The problem: What follows is a set of records. Copy them exactly and leave out the images.

Start of Data supplied

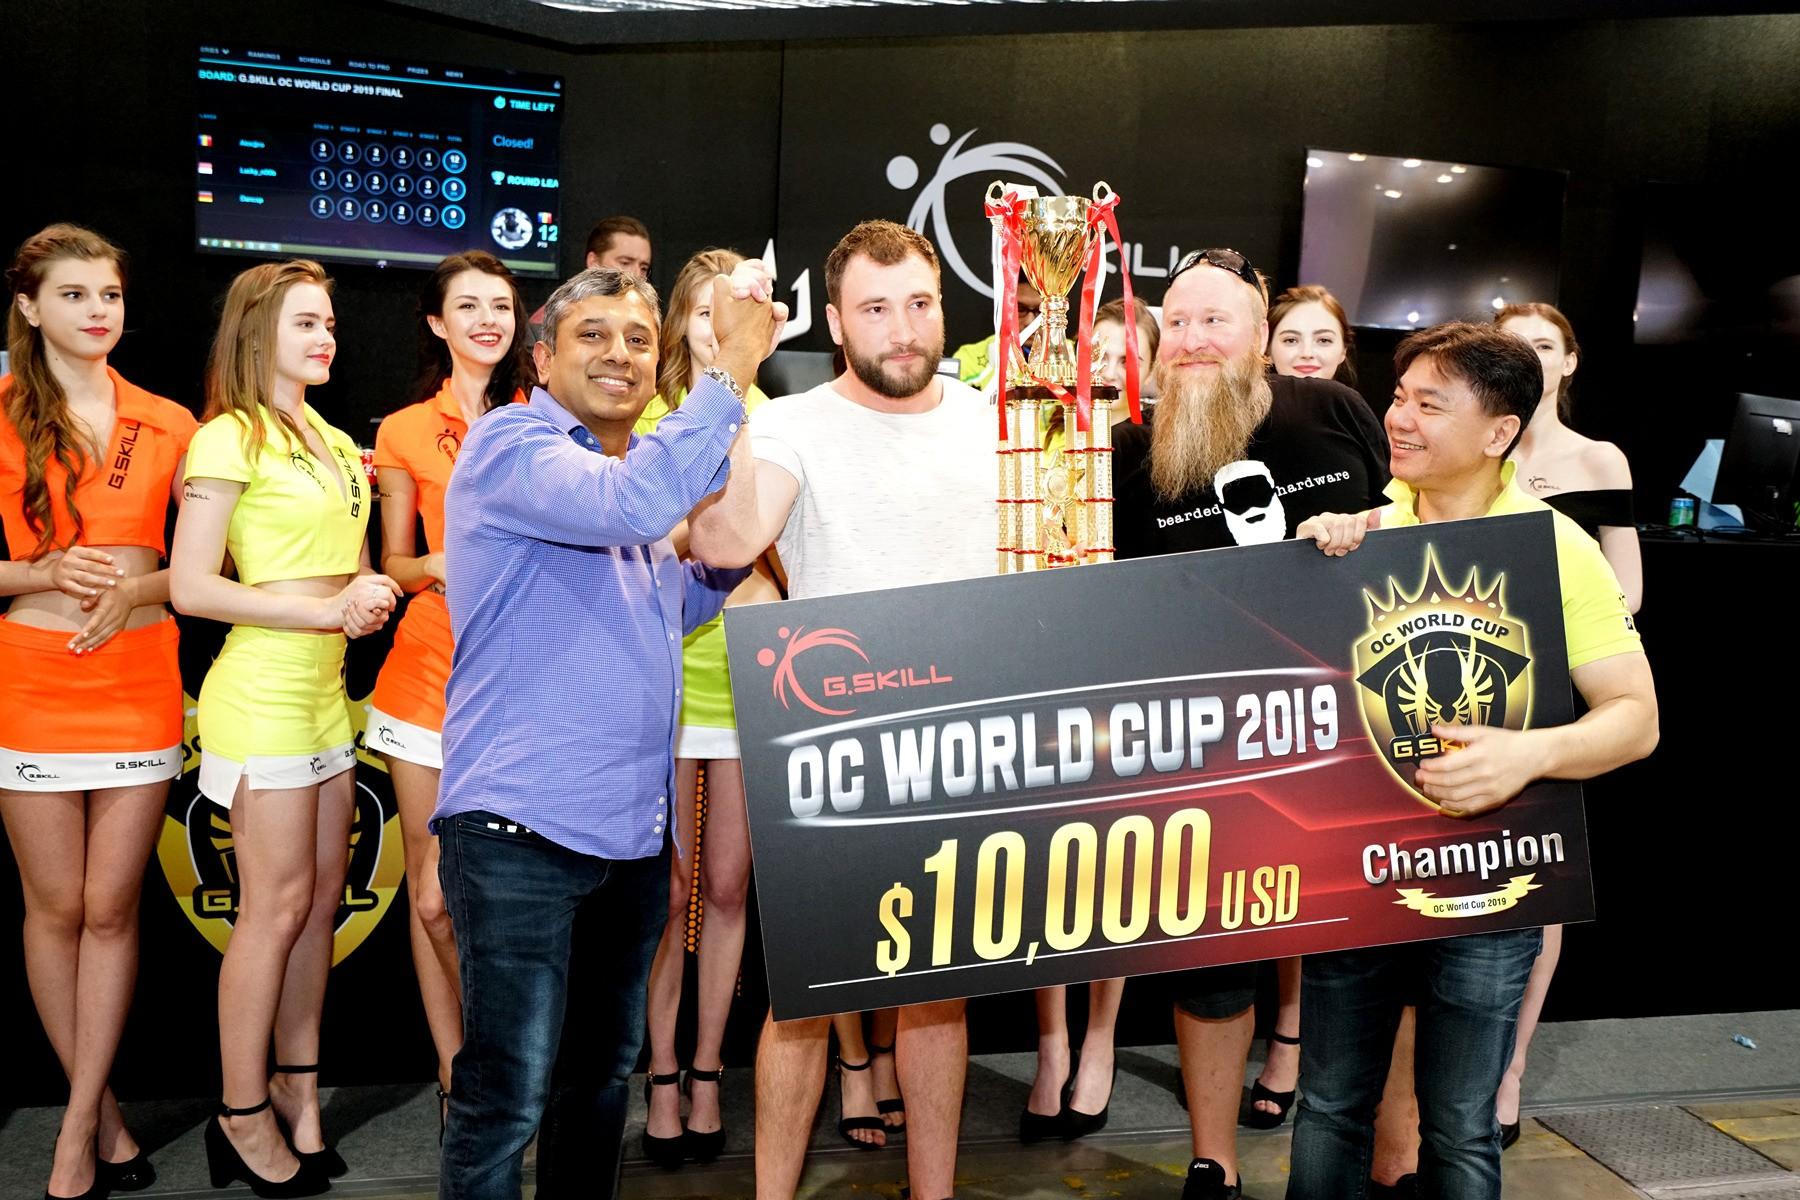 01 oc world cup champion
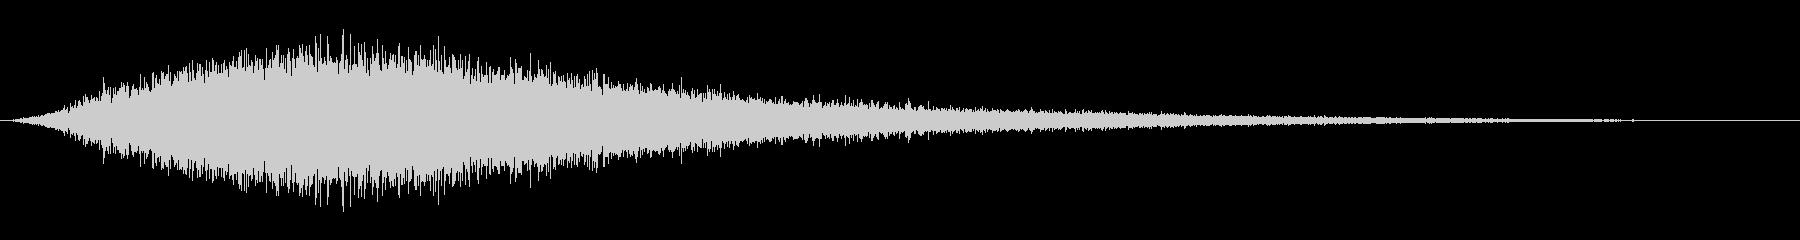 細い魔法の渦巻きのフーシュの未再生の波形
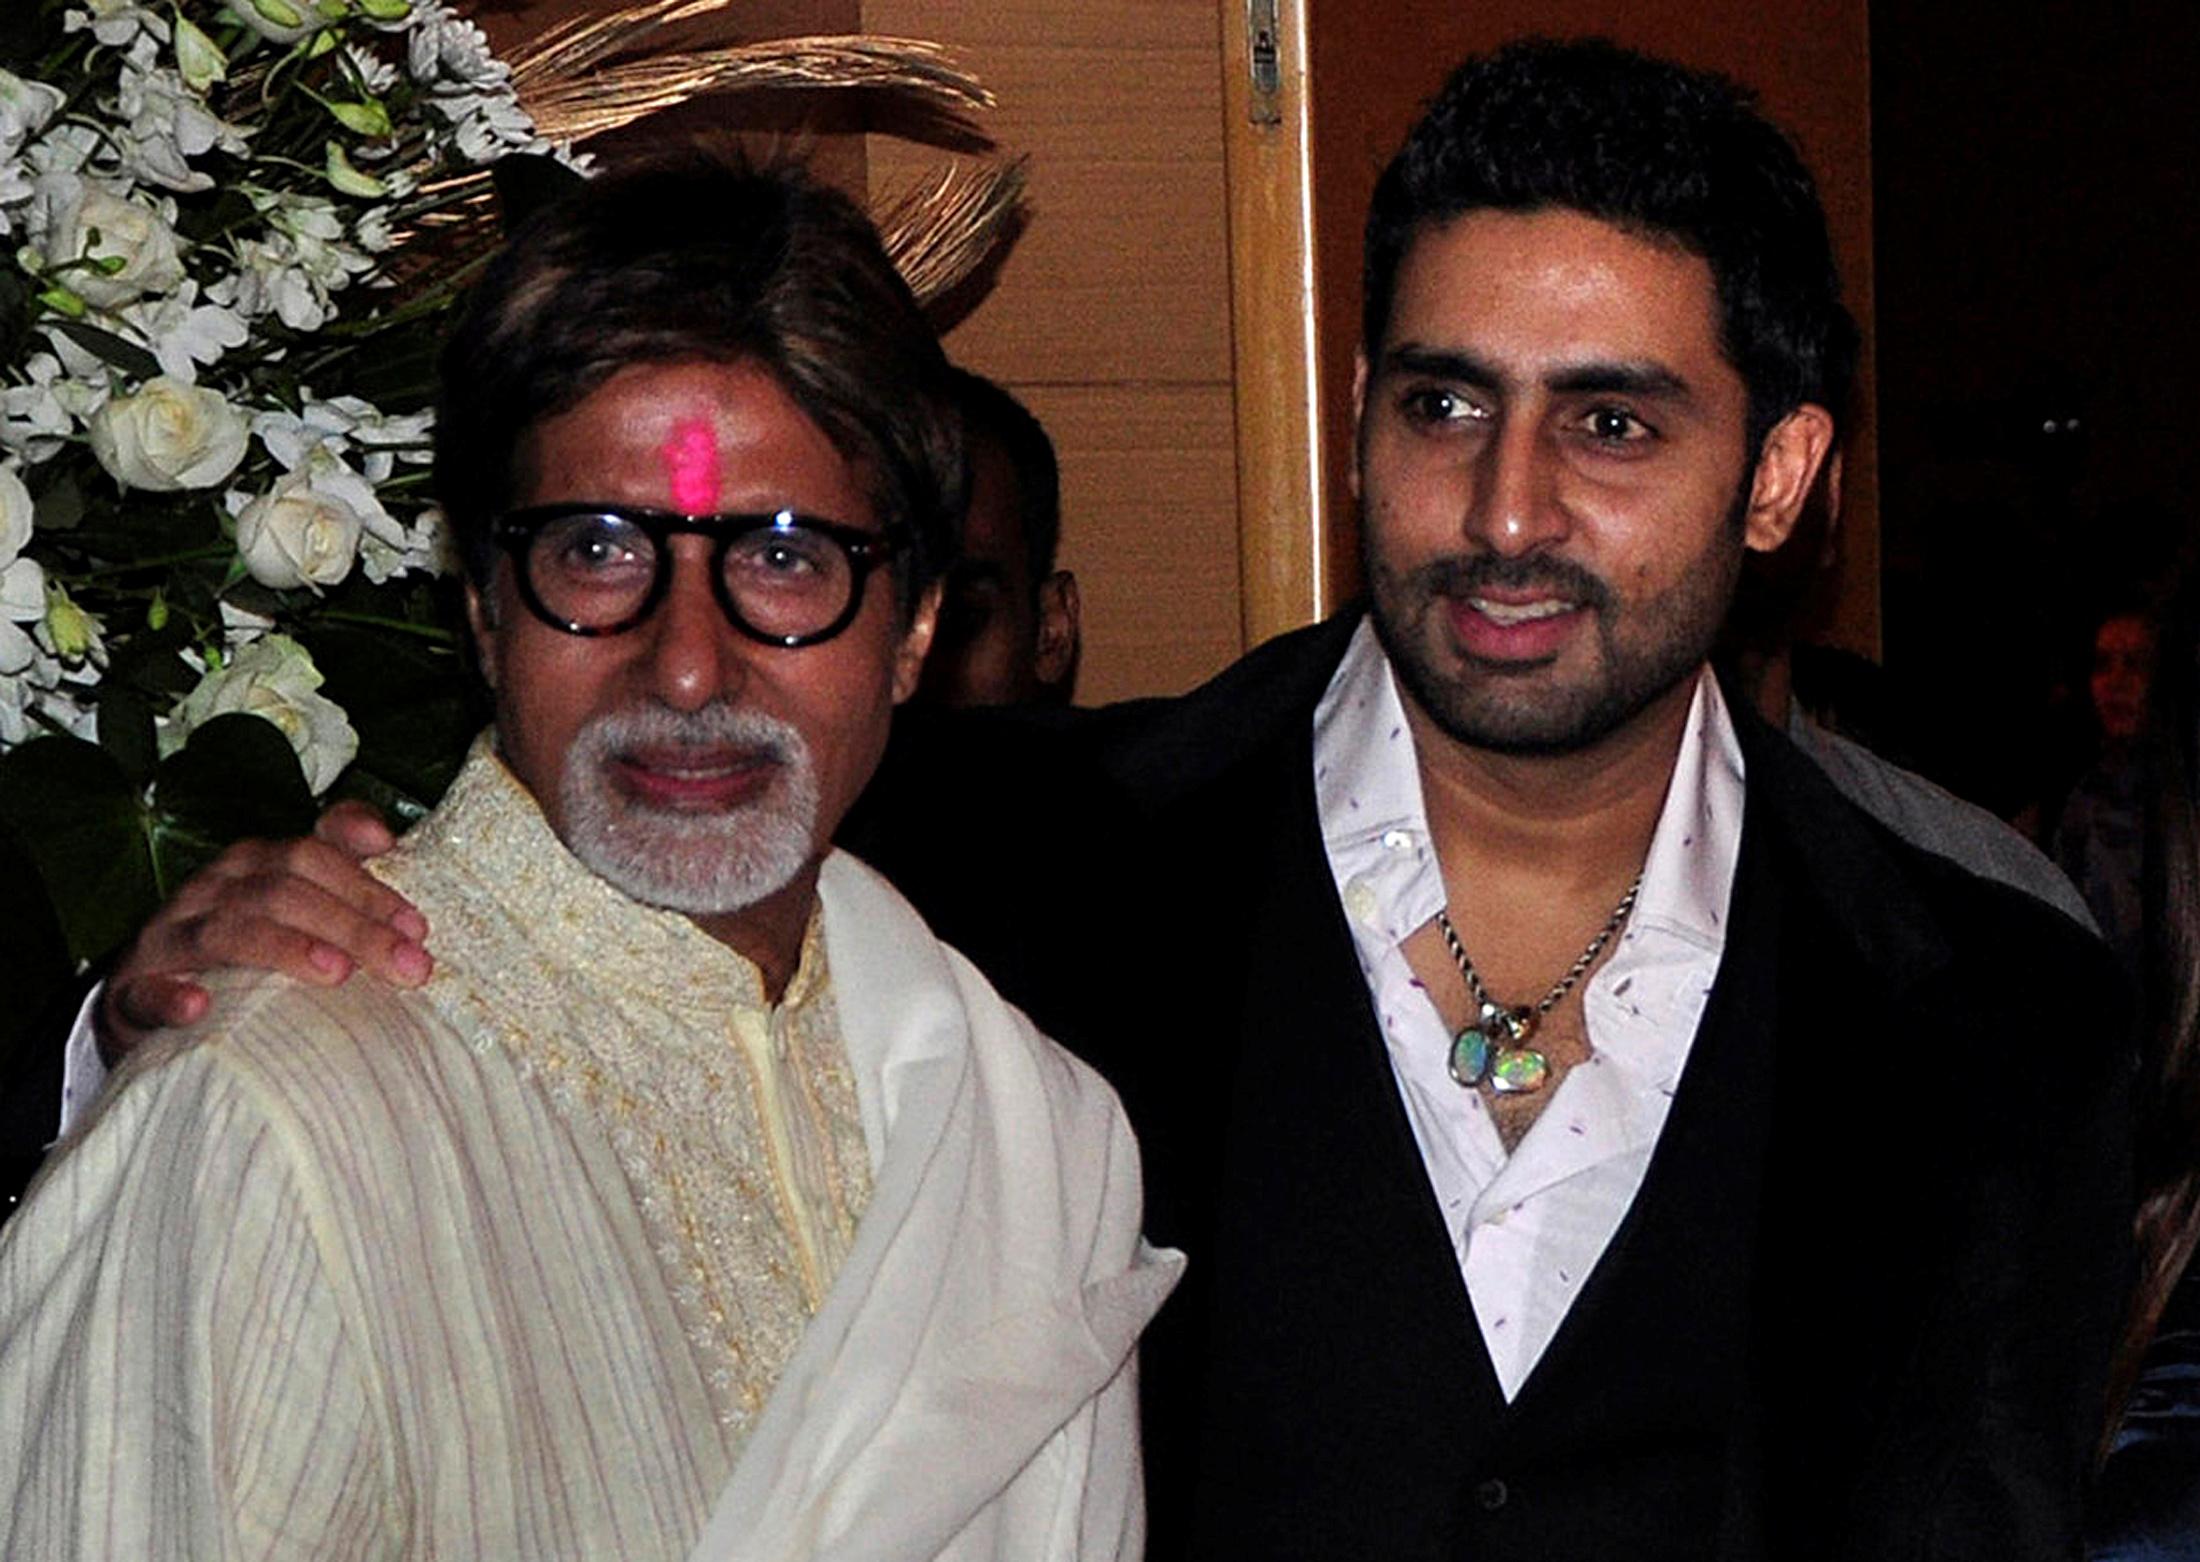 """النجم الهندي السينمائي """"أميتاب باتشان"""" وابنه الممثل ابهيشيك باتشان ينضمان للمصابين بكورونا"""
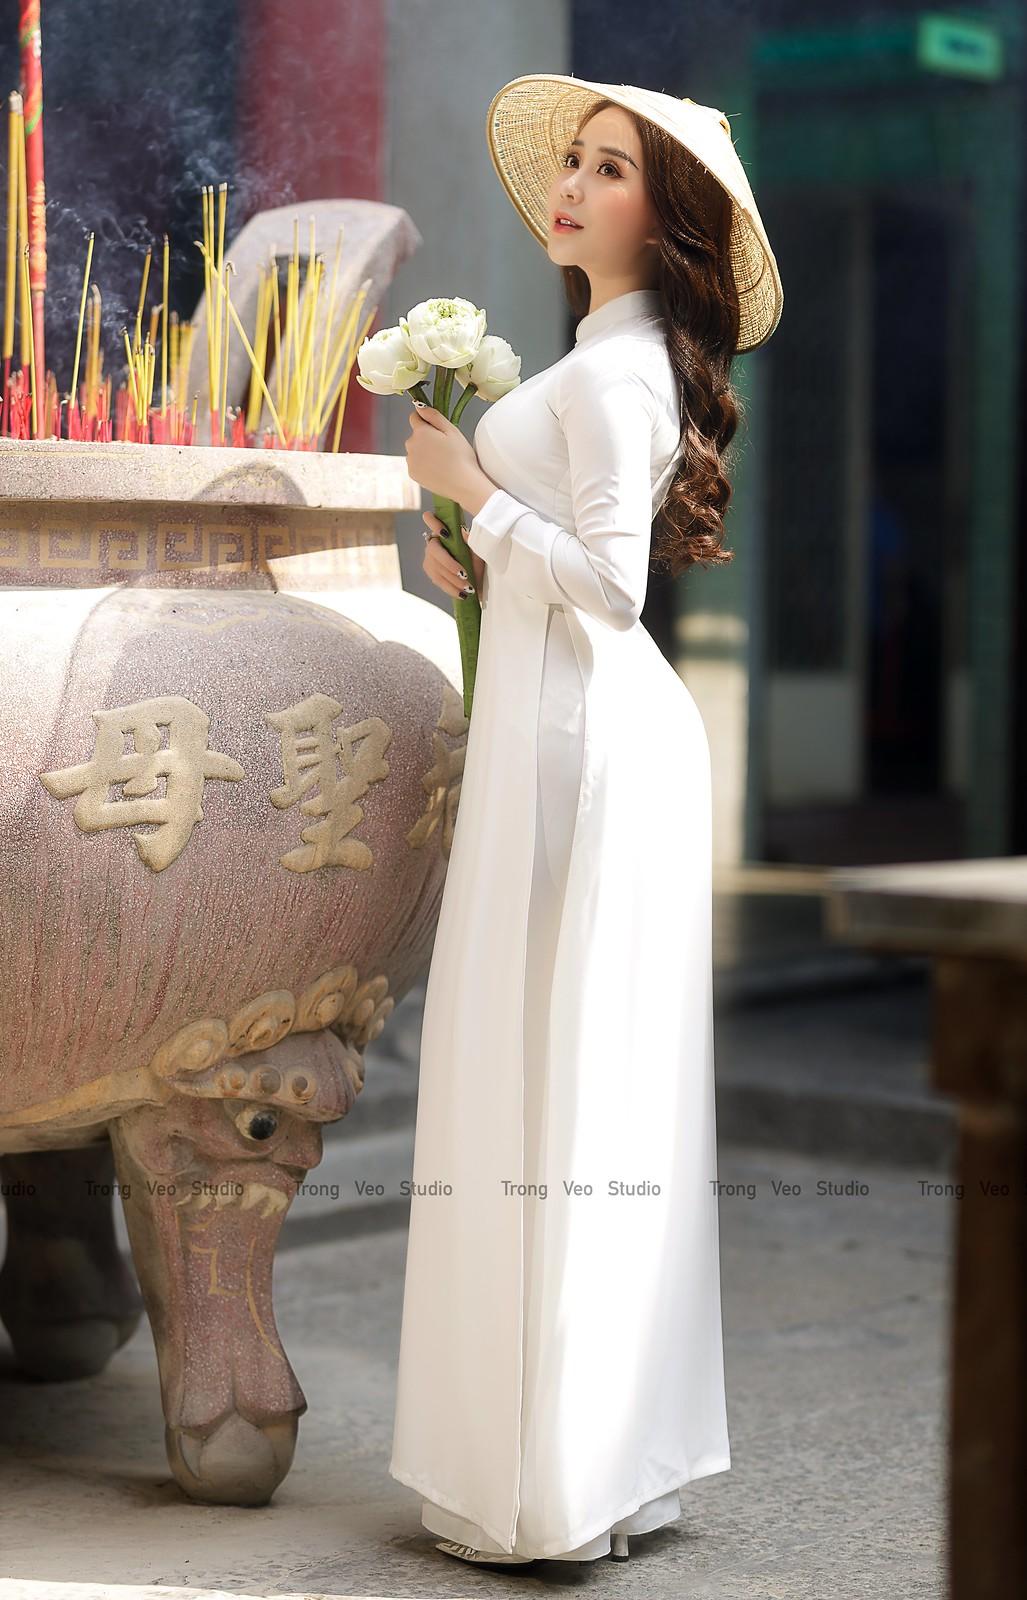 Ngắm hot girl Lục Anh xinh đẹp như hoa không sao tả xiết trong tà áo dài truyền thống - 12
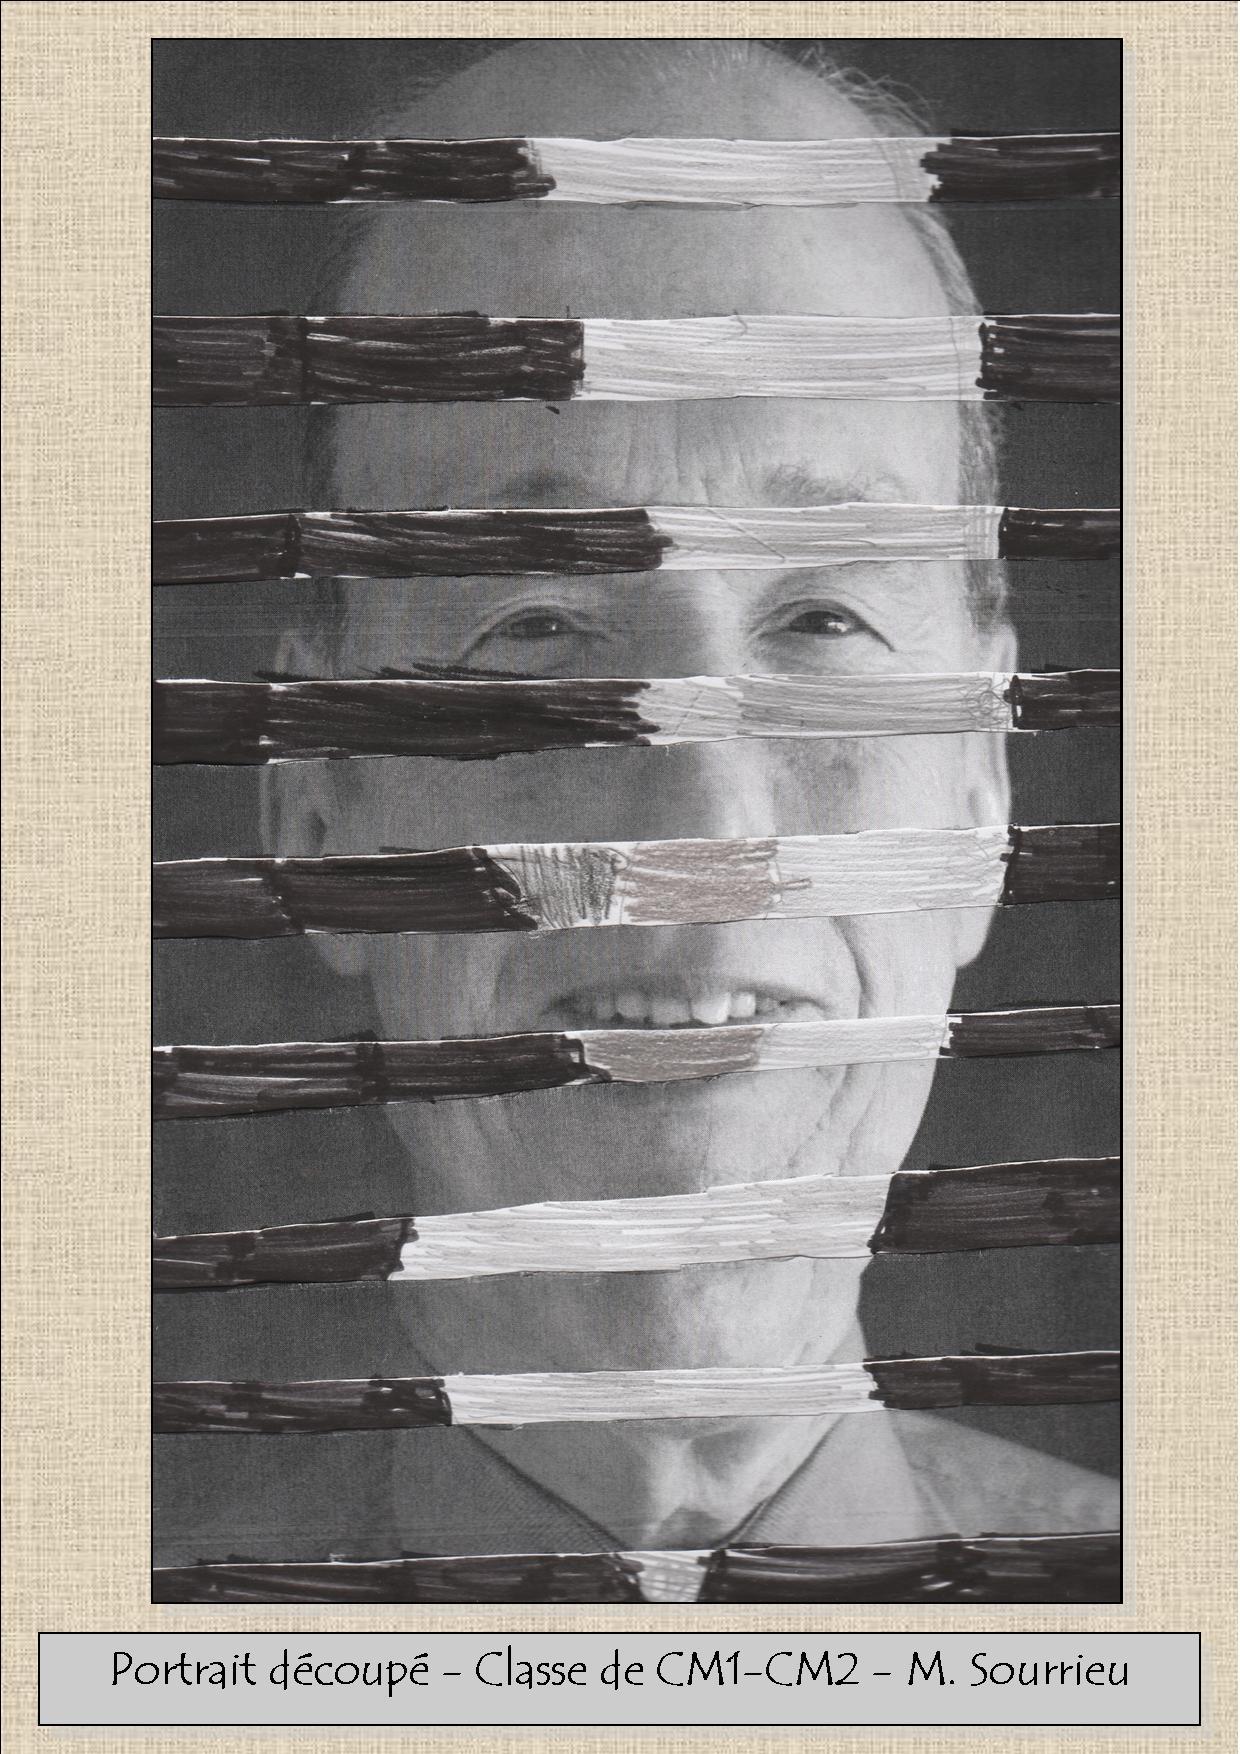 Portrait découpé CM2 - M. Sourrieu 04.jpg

End of Data supplied

Exercise output:
 01 oc world cup champion
 細い魔法の渦巻きのフーシュの未再生の波形
 """النجم الهندي السينمائي """"أميتاب باتشان"""" وابنه الممثل ابهيشيك باتشان ينضمان للمصابين بكورونا"""
 Ngắm hot girl Lục Anh xinh đẹp như hoa không sao tả xiết trong tà áo dài truyền thống - 12
 Portrait découpé CM2 - M. Sourrieu 04.jpg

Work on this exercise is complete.